_Input data_.

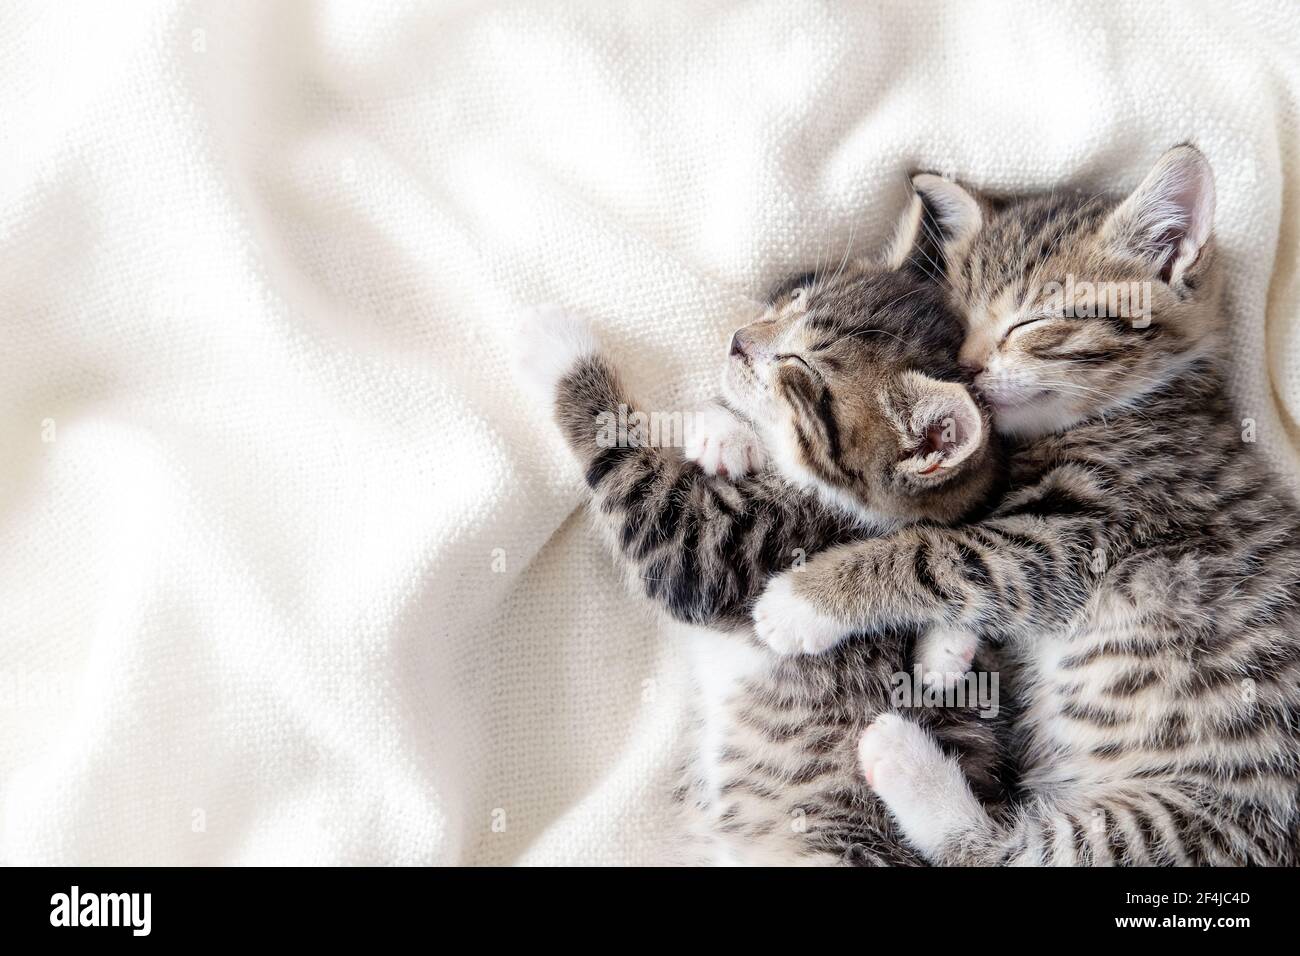 Two small striped domestic kittens sleeping hugging each other at ...
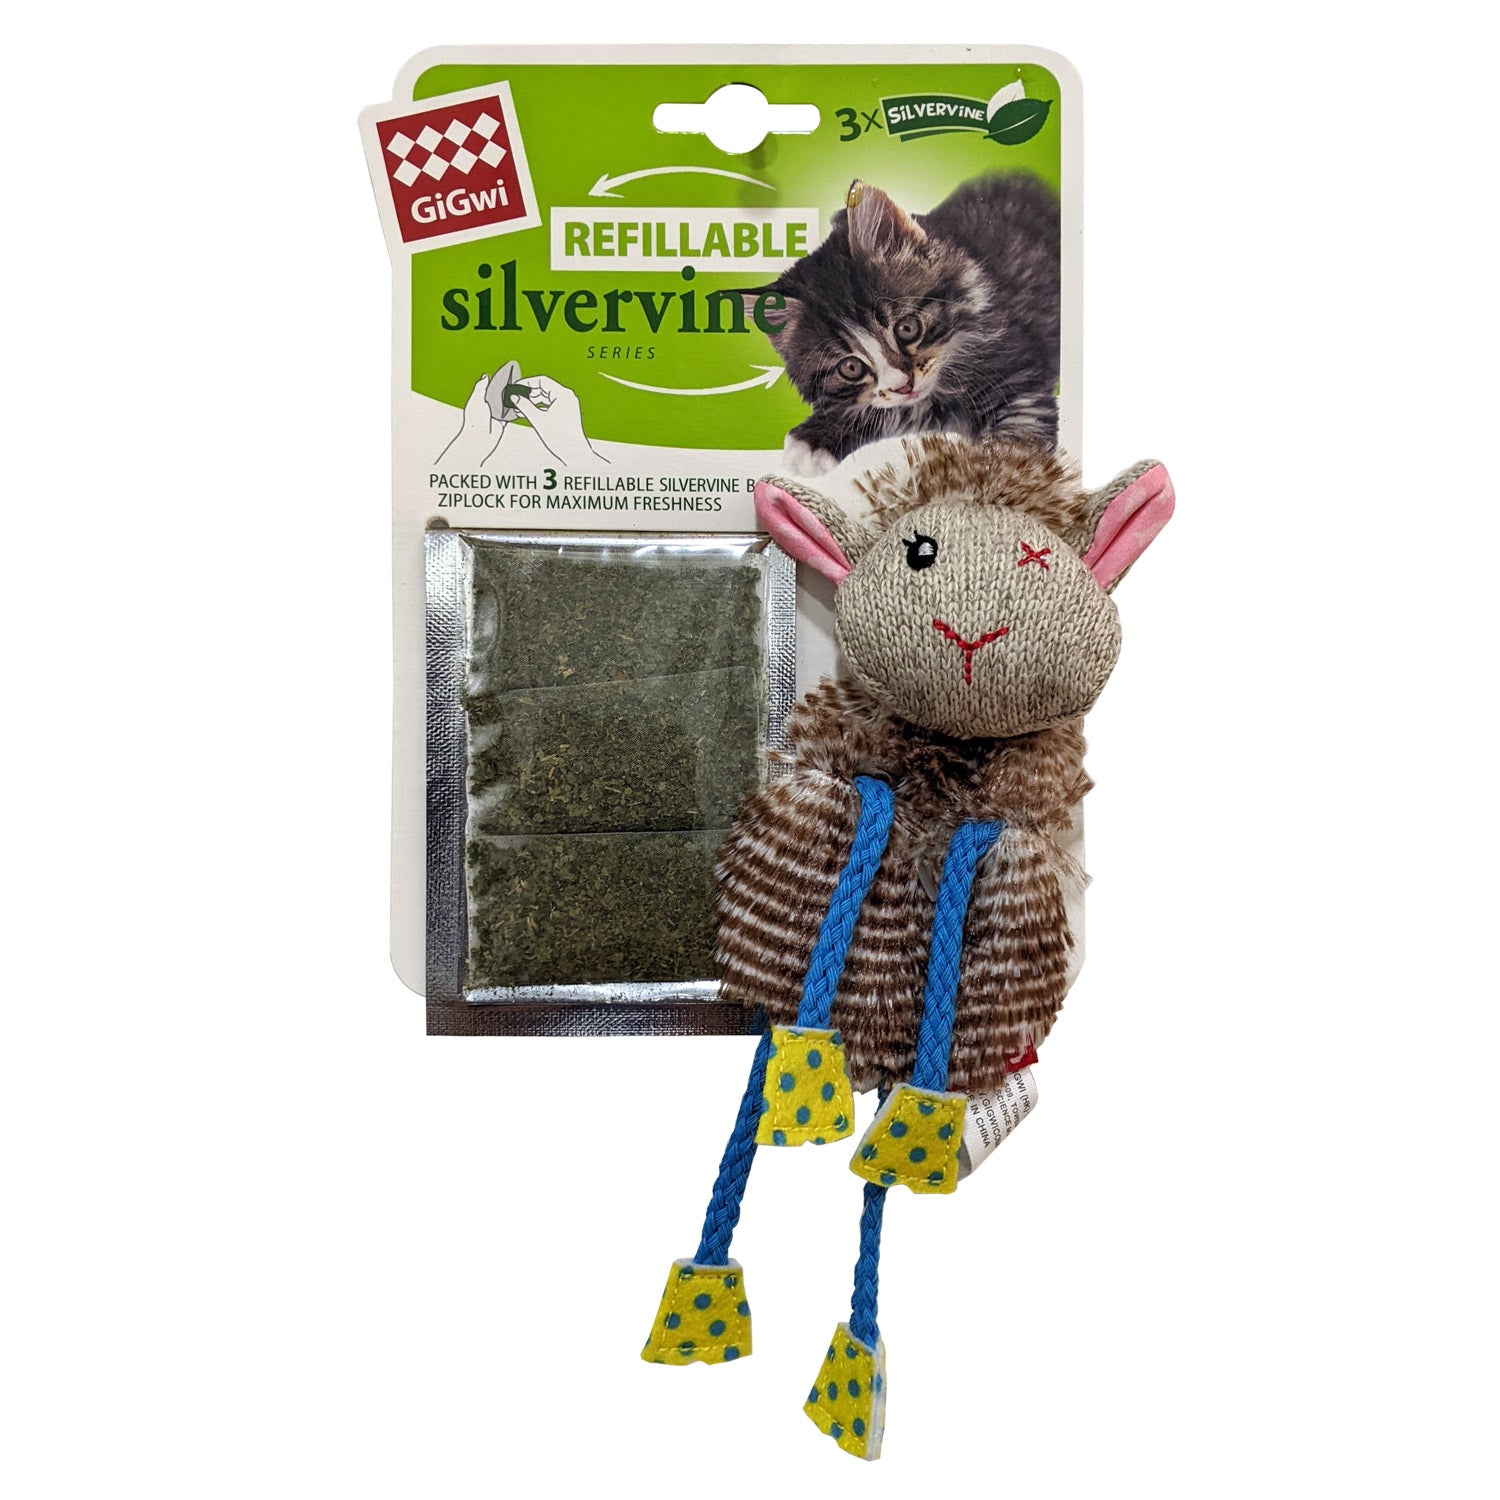 Gigwi Sheep Refillable Slivervine with 3 Slivervine teabags with ziplock bag
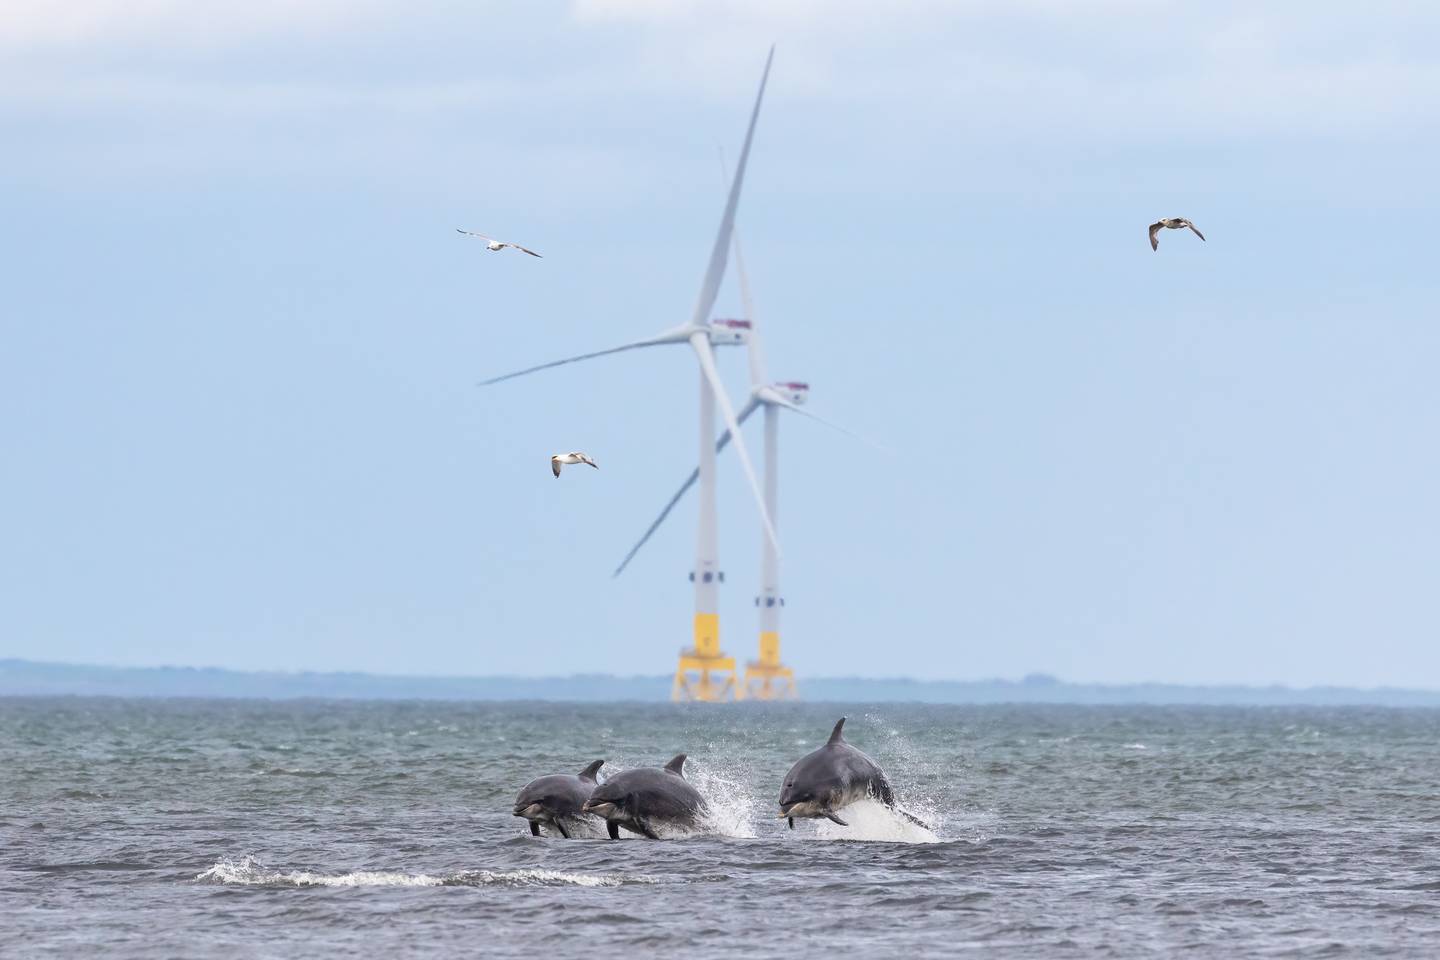 Aberdeen is seeking to swap its oil crown for one of renewables as it seeks to become Europe’s champion of green technology. Photo: Ian Hastie via AREG 
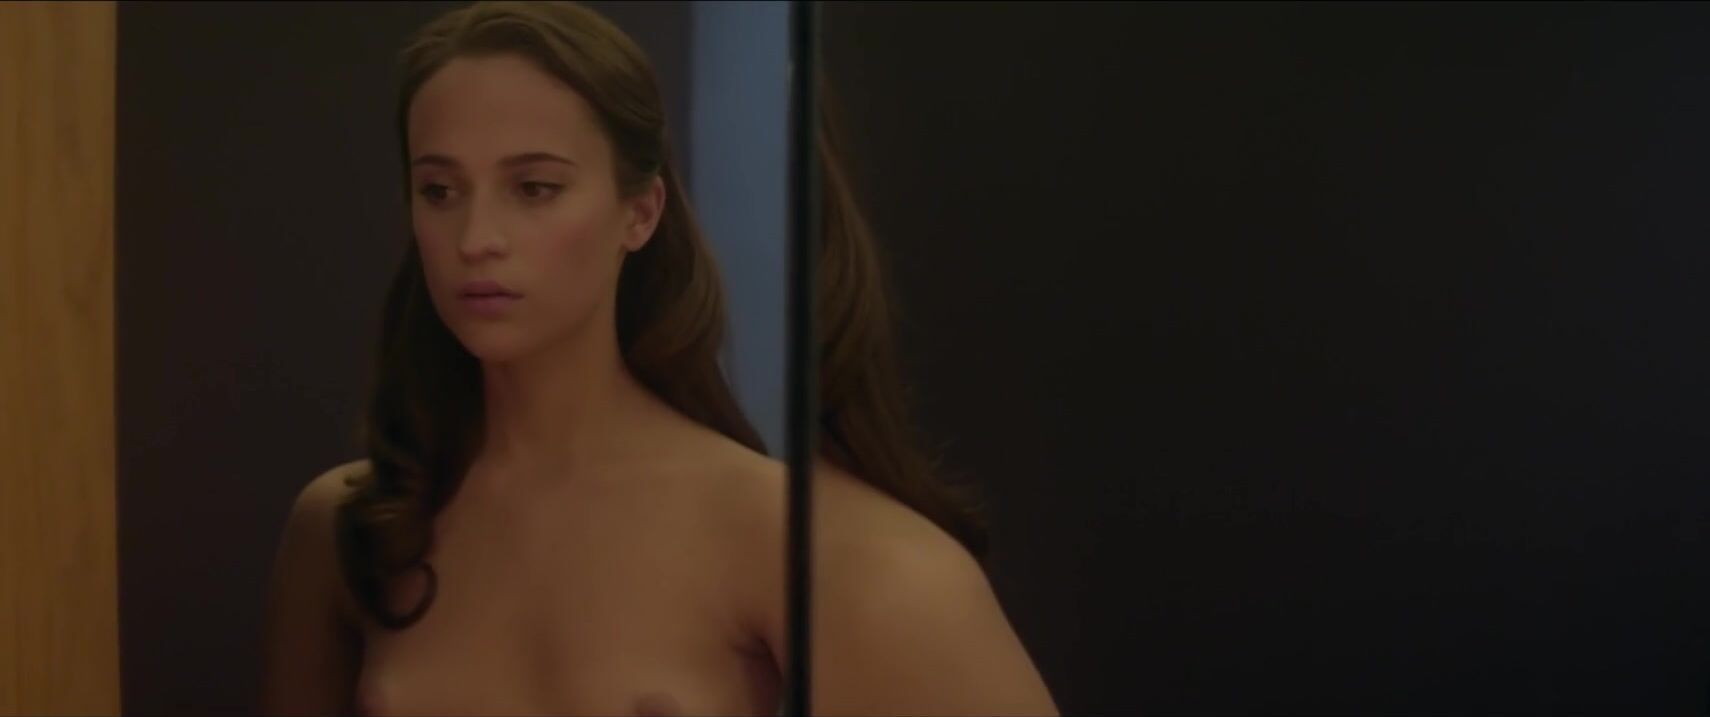 Sarah Vandella Naked Alicia Vikander loves being sexy in feature film moment from Ex Machina (2015) BananaBunny

_Exercise description_. Write out the material above once more, exactly as it reads, with no pictures.

_Reply to the exercise_.
 Two small striped domestic kittens sleeping hugging each other at ...
 Gigwi Sheep Refillable Slivervine with 3 Slivervine teabags with ziplock bag
 Aberdeen is seeking to swap its oil crown for one of renewables as it seeks to become Europe’s champion of green technology. Photo: Ian Hastie via AREG 
 Sarah Vandella Naked Alicia Vikander loves being sexy in feature film moment from Ex Machina (2015) BananaBunny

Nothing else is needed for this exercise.